SQL — Structured Query Language; the standard language for defining schemas and querying, inserting, updating, and deleting data in relational databases.
Test Coverage — A metric expressing what percentage of lines (or branches) in the production code were executed during the test suite; high coverage is necessary but not sufficient for quality.
Test Fixture — Setup code (often a pytest fixture) that provides a known, isolated starting state for a test, such as a fresh database schema or a pre-populated object.
Tool Calling (AI Agents) — The ability of an LLM-based agent to invoke external functions or APIs (e.g., run a shell command, read a file) as part of generating a response, enabling autonomous multi-step workflows.
Unit Test — A test that exercises a single component in isolation, with all dependencies replaced by test doubles, to verify its logic independently of the rest of the system.
User Story — A short, user-focused requirement written as "As a [persona], I want [action] so that [benefit]," paired with concrete acceptance criteria that define when the story is complete.

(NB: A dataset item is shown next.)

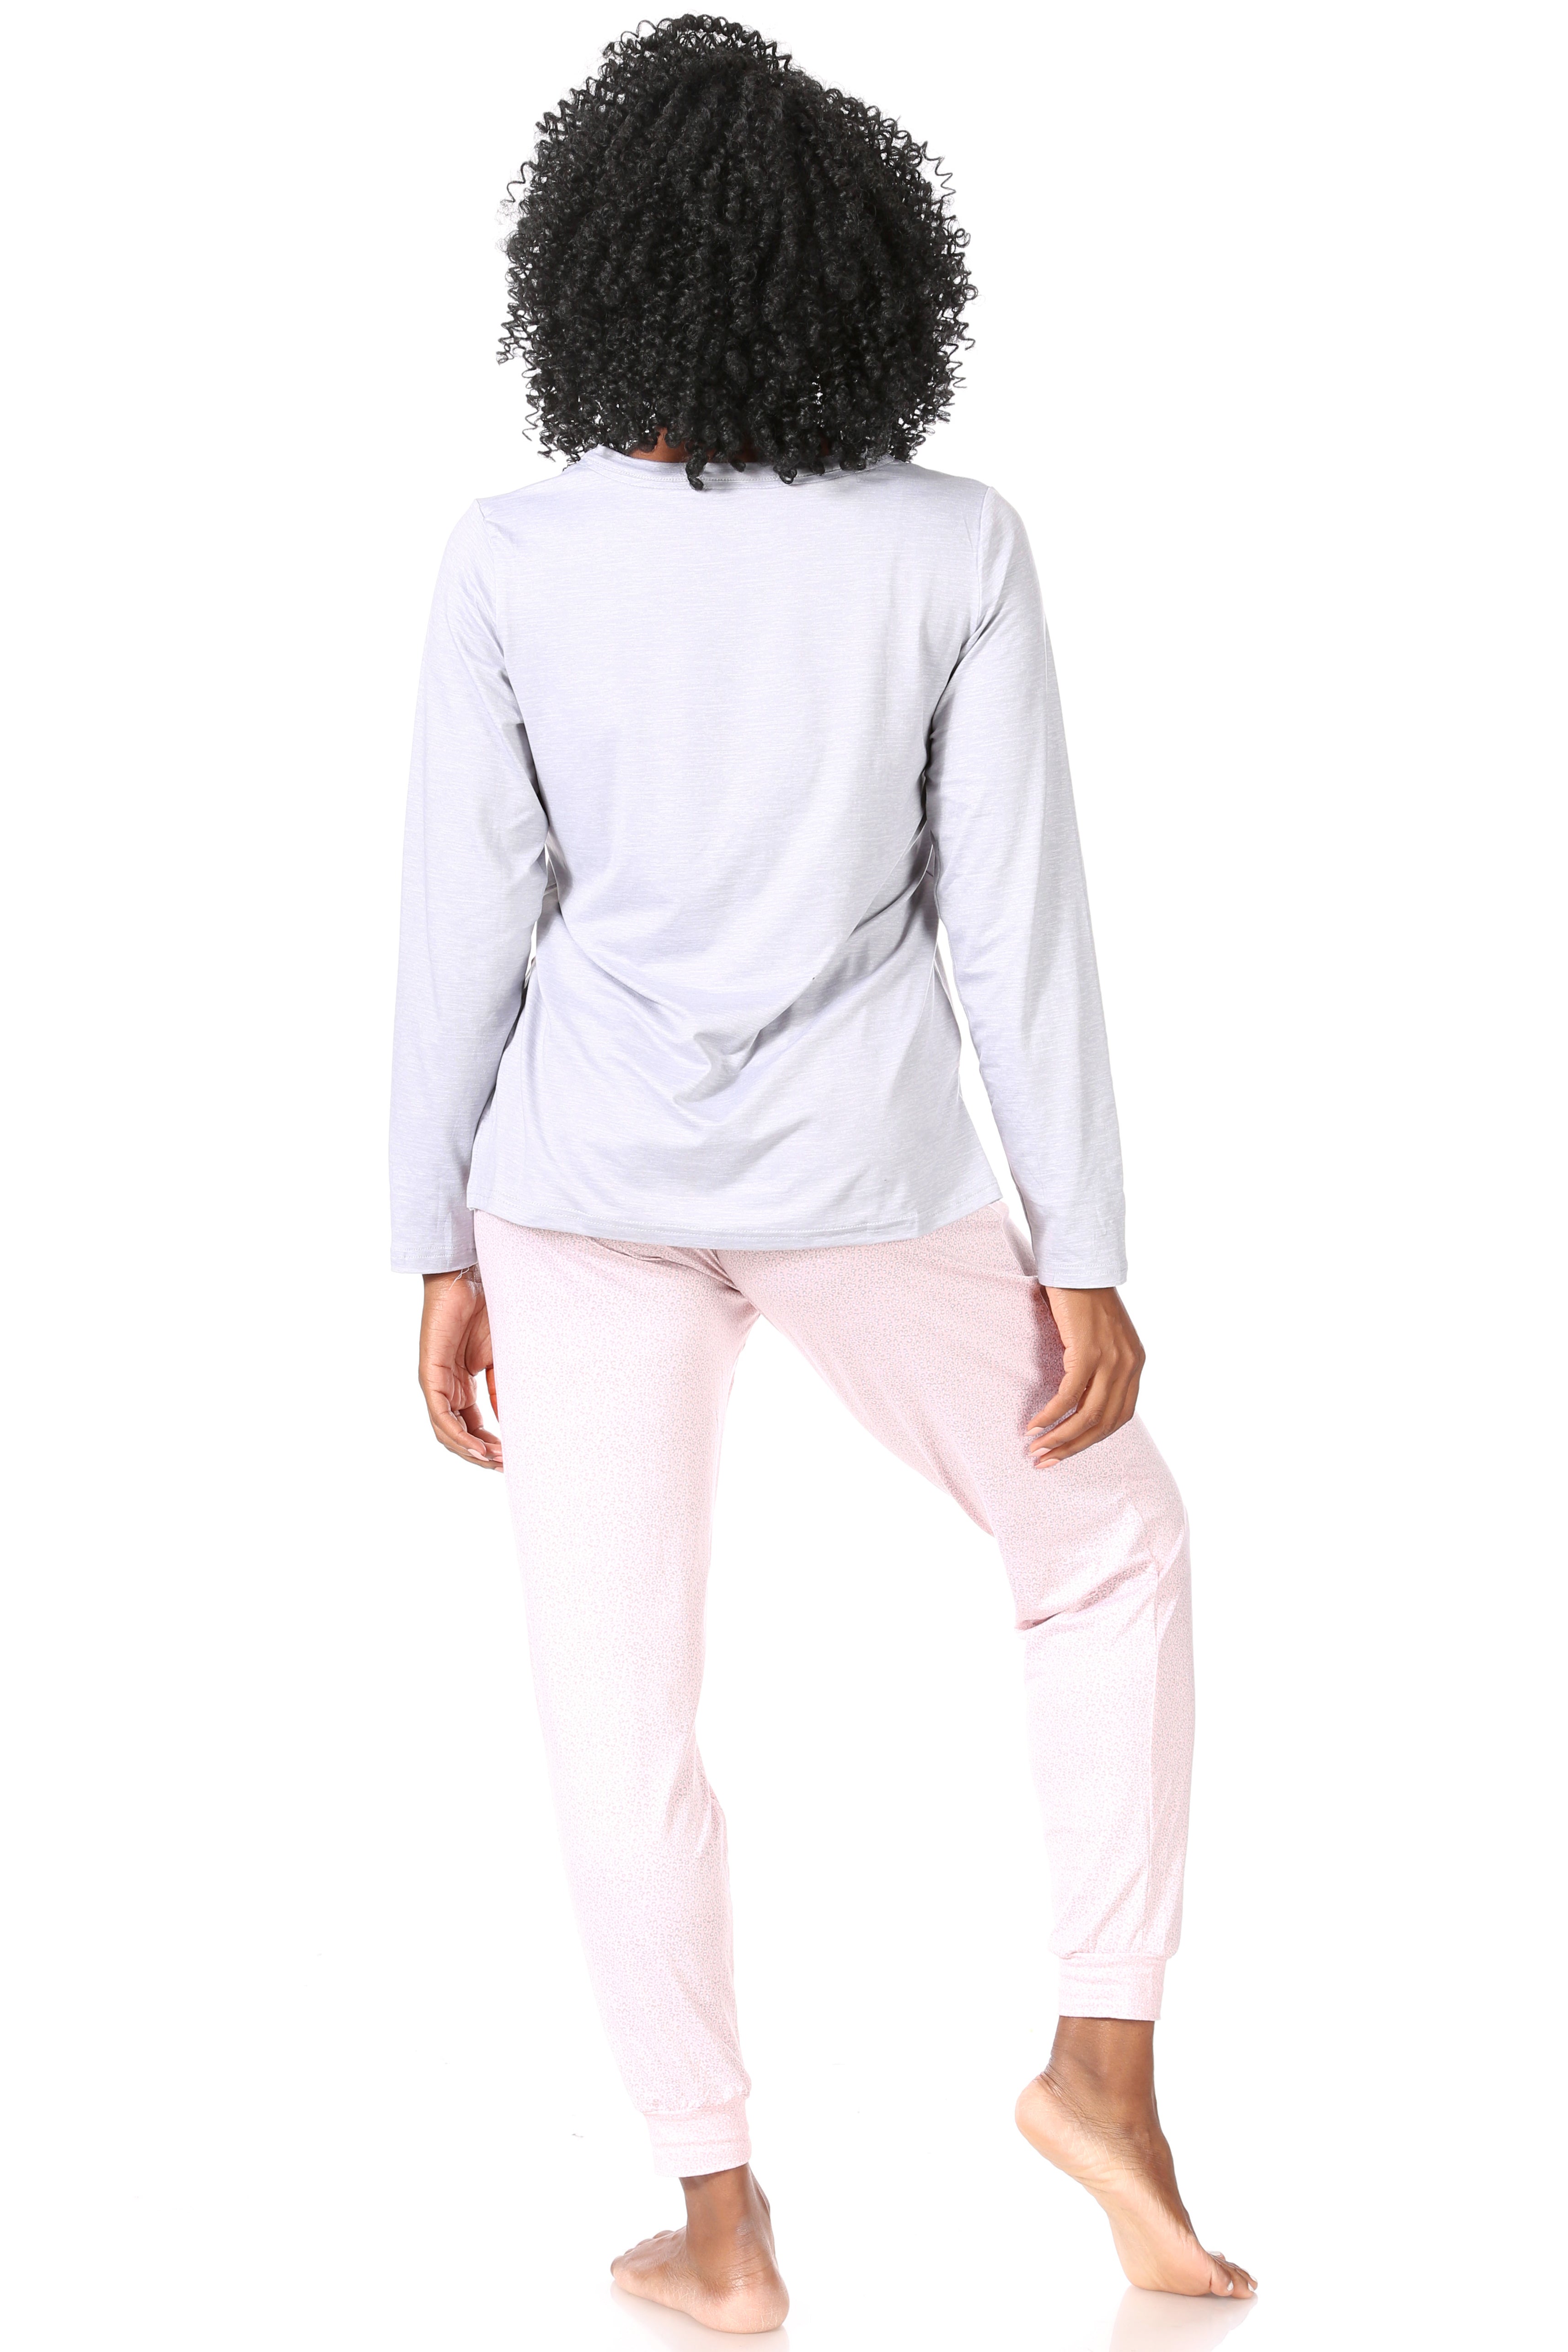 Women's "SNOOZE" Long Sleeve Top and Jogger Pajama Set - Rae Dunn Wear

Virtual Environment — An isolated Python environment with its own interpreter and installed packages, preventing dependency conflicts between different projects on the same machine.
Volume (Docker) — A named, managed storage location that persists data outside a container's writable layer, surviving container restarts and replacements.
Wireframe — A low-to-mid-fidelity visual sketch of a UI screen that communicates layout, content, and user flow without committing to final visual design.